Un court mais génial et saisissant récit.

Une digression d'abord, une sorte de hors-sujet délibéré, auquel je me livre avec délice en songeant à tous ces profs de français qui m'en firent le reproche durant ma lointaine jeunesse.
Avec tout notre savoir et notre savoir-faire, avec toutes nos technologies, nous, humains, avons cru pouvoir maîtriser, asservir notre planète; et avant cela, nos croyances religieuses nous avaient mis dans la tête que l'Homme avait été choisi par Dieu pour gérer le monde.
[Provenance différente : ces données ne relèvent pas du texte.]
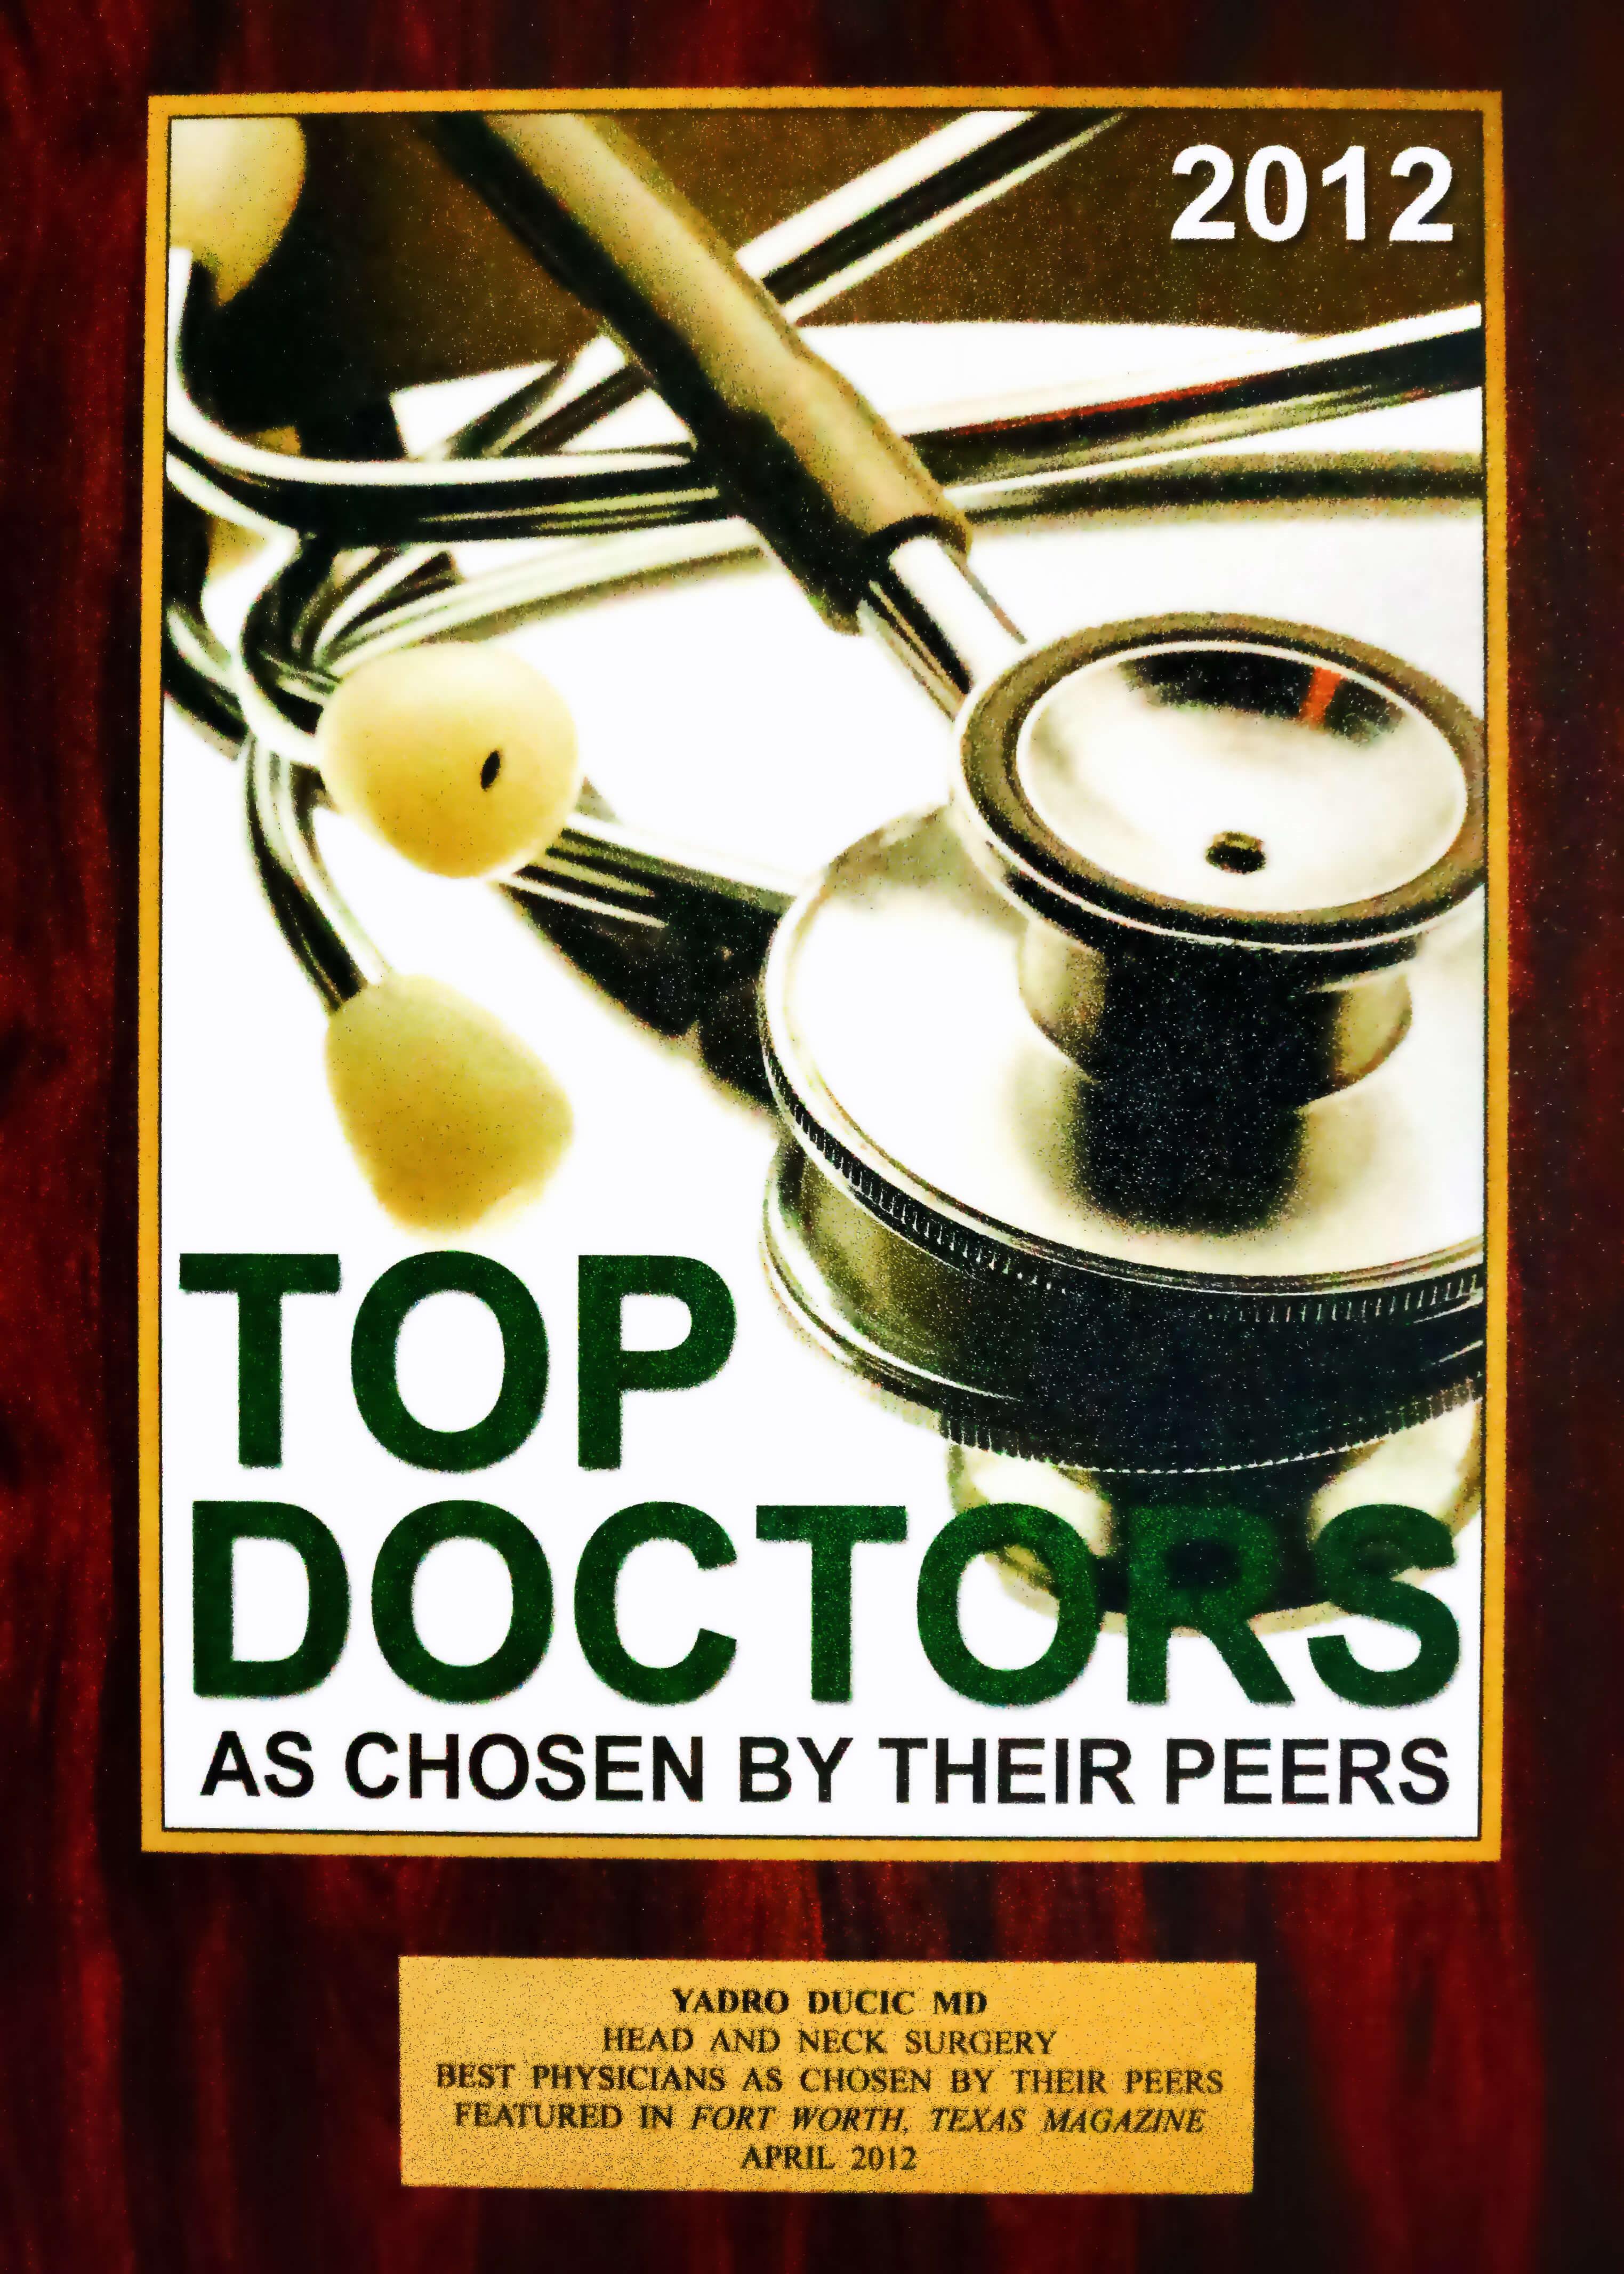 Dr Yadro Ducic Otolaryngologist

Mais devant l'évidence des sécheresses, des orages cataclysmiques, des inondations, qui nous accablent du fait de nos activités insensées, nous en sommes bien revenus, de l'Homme tout-puissant, et nous voilà maintenant assaillis de prévisions pessimistes sur notre sombre avenir climatique, y cherchant des remèdes sans penser aux causes profondes.
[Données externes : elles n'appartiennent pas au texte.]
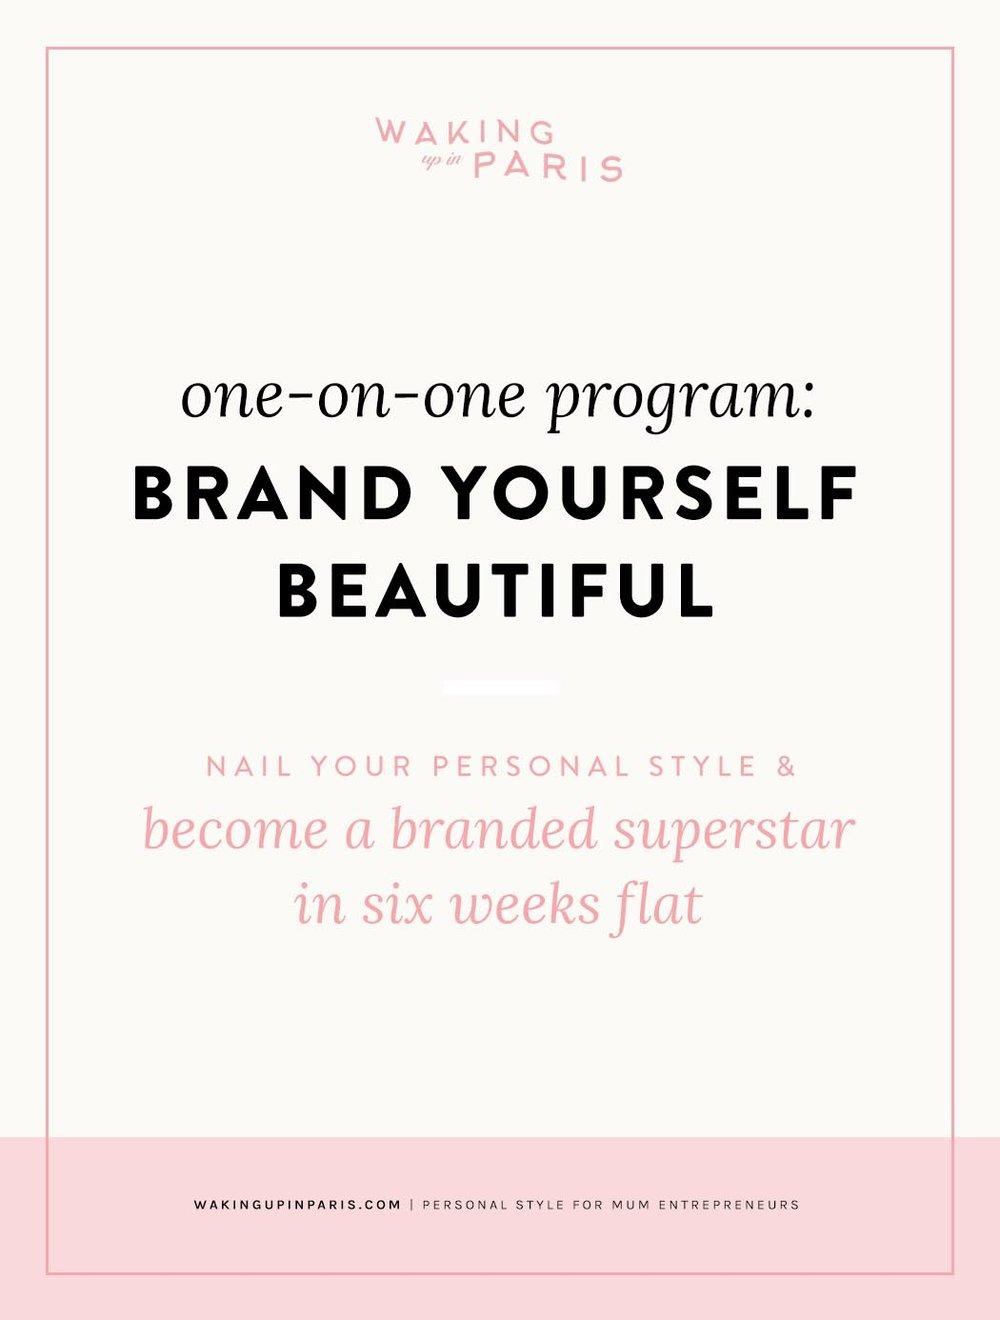 WUIP-clarissa-grace-personal-style-coach-online-mum-entrepreneur-business-brand-yourself-beautiful-10.jpg

C'est cette pensée qui a trotté dans ma petite tête tout le temps de cette nouvelle lecture de Colline.
Parce que ma première rencontre avec ce livre extraordinaire m'avait surtout frappé par la puissance de la superstition des humains qui rend un vieillard responsable de tous les maux qu'un village endure, par la nature partout personnifiée, arbres, sources, feu, …et aussi, la Colline de Lure, par la stupéfiante beauté des images, et celle de l'écriture, mais en définitive tout cela me semblait parler d'un monde du passé, mené par l'irrationnel.

Mais, serait-ce si anormal, ou plutôt ne serait-ce pas juste, que nous, qui ne sommes en définitive que les descendants de chasseurs-cueilleurs, nous ne nous considérerions que comme les hôtes d'une planète qui nous parle et dont nous devrions comprendre le langage, que l'eau, le vent, les pierres, les arbres, les « bêtes », ce sont nos partenaires qu'il faut respecter, protéger.
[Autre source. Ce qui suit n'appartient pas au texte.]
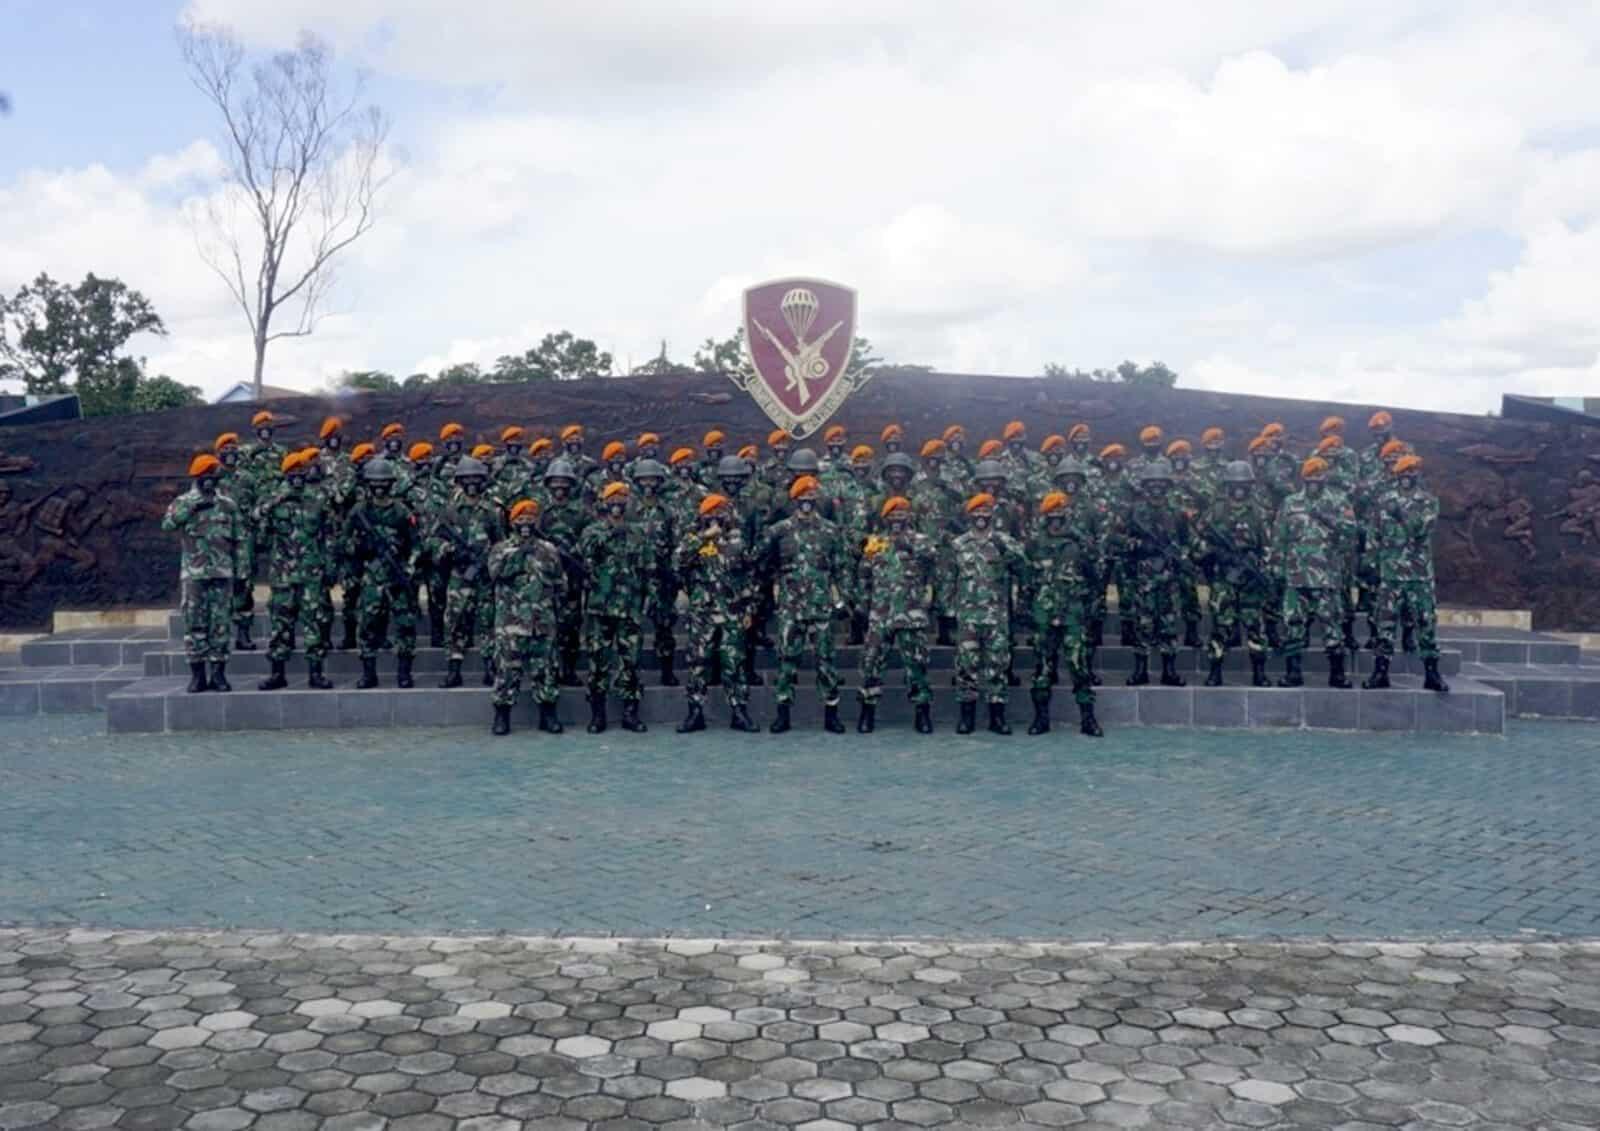 Pembukaan Orientasi Prajurit Baru Batalyon Komando 462 Paskhas

Bien sûr, mon analyse est un peu arbitraire car Colline, c'est d'abord un roman magnifique, qui mêle cruauté des humains et croyances magiques, qui nous fait ressentir la vie animée dans toute la Nature en une langue si poétique, une mise en forme prodigieuse d'une vision panthéiste de notre Terre, qui peut être bénéfique ou maléfique dans son rapport avec les humains.
Il n'empêche, cette vision, nous devrions essayer d'y revenir, d'en saisir l'essence, de nous efforcer de ne plus être les exploiteurs de notre planète, mais d'humbles partenaires à son écoute.

A noter, le roman est précédé d'une longue préface et suivi d'un dossier qui commentent le contexte mythologique du roman. C'est intéressant, mais le roman peut se lire sans cela.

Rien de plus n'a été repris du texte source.